* _THE PROBLEM_
Locate the line that contains "可愛い看護婦さんのお腹を殴ったら最後まで… 1/5 サンプル画像11" in the entries below, then repeat it and every following line through the line that contains "Selby Подушка универсальная", exactly, and no others.

===== INPUT MATERIAL =====

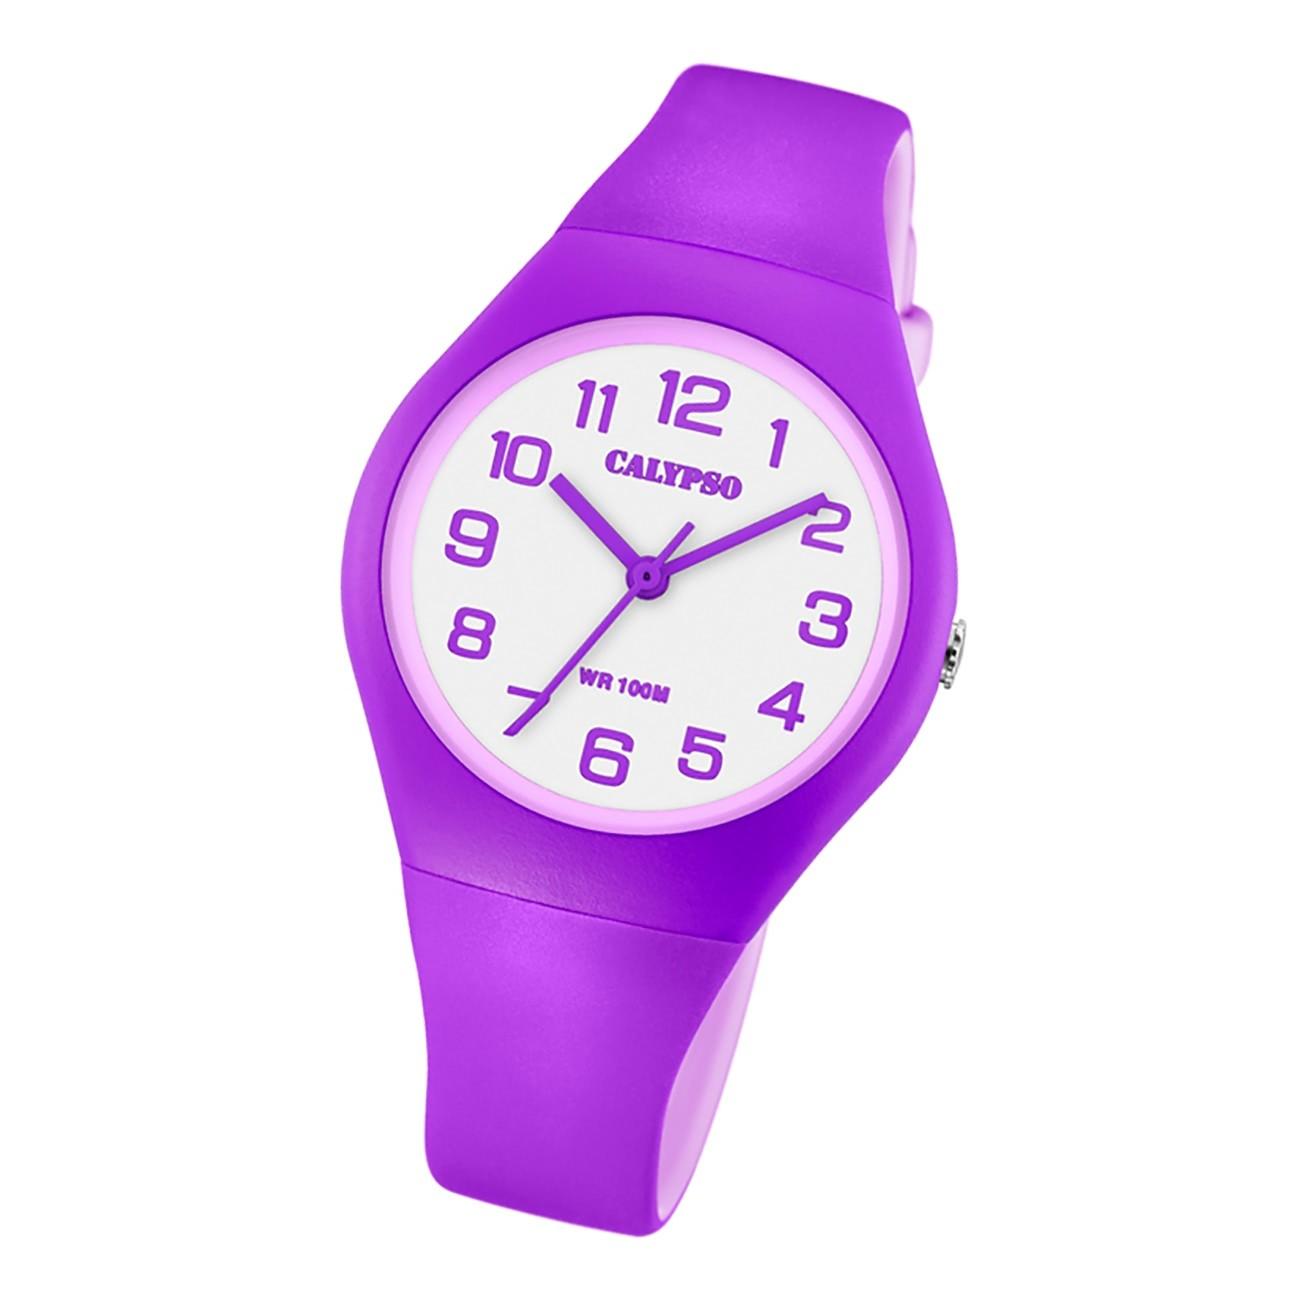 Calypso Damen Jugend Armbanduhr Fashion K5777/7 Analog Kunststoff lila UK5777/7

=====
===== INPUT MATERIAL =====

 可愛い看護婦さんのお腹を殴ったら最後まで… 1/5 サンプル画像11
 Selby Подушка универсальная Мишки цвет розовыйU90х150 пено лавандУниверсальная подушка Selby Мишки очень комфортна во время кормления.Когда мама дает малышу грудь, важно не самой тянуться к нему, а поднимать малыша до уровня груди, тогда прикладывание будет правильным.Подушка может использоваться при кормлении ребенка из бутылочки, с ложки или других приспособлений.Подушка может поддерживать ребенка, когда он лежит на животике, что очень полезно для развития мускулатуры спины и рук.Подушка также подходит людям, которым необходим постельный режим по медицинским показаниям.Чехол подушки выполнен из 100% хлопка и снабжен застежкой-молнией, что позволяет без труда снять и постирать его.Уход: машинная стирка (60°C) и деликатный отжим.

=====

* _ANSWER TO THIS PROBLEM_
 可愛い看護婦さんのお腹を殴ったら最後まで… 1/5 サンプル画像11
 Selby Подушка универсальная Мишки цвет розовыйU90х150 пено лавандУниверсальная подушка Selby Мишки очень комфортна во время кормления.Когда мама дает малышу грудь, важно не самой тянуться к нему, а поднимать малыша до уровня груди, тогда прикладывание будет правильным.Подушка может использоваться при кормлении ребенка из бутылочки, с ложки или других приспособлений.Подушка может поддерживать ребенка, когда он лежит на животике, что очень полезно для развития мускулатуры спины и рук.Подушка также подходит людям, которым необходим постельный режим по медицинским показаниям.Чехол подушки выполнен из 100% хлопка и снабжен застежкой-молнией, что позволяет без труда снять и постирать его.Уход: машинная стирка (60°C) и деликатный отжим.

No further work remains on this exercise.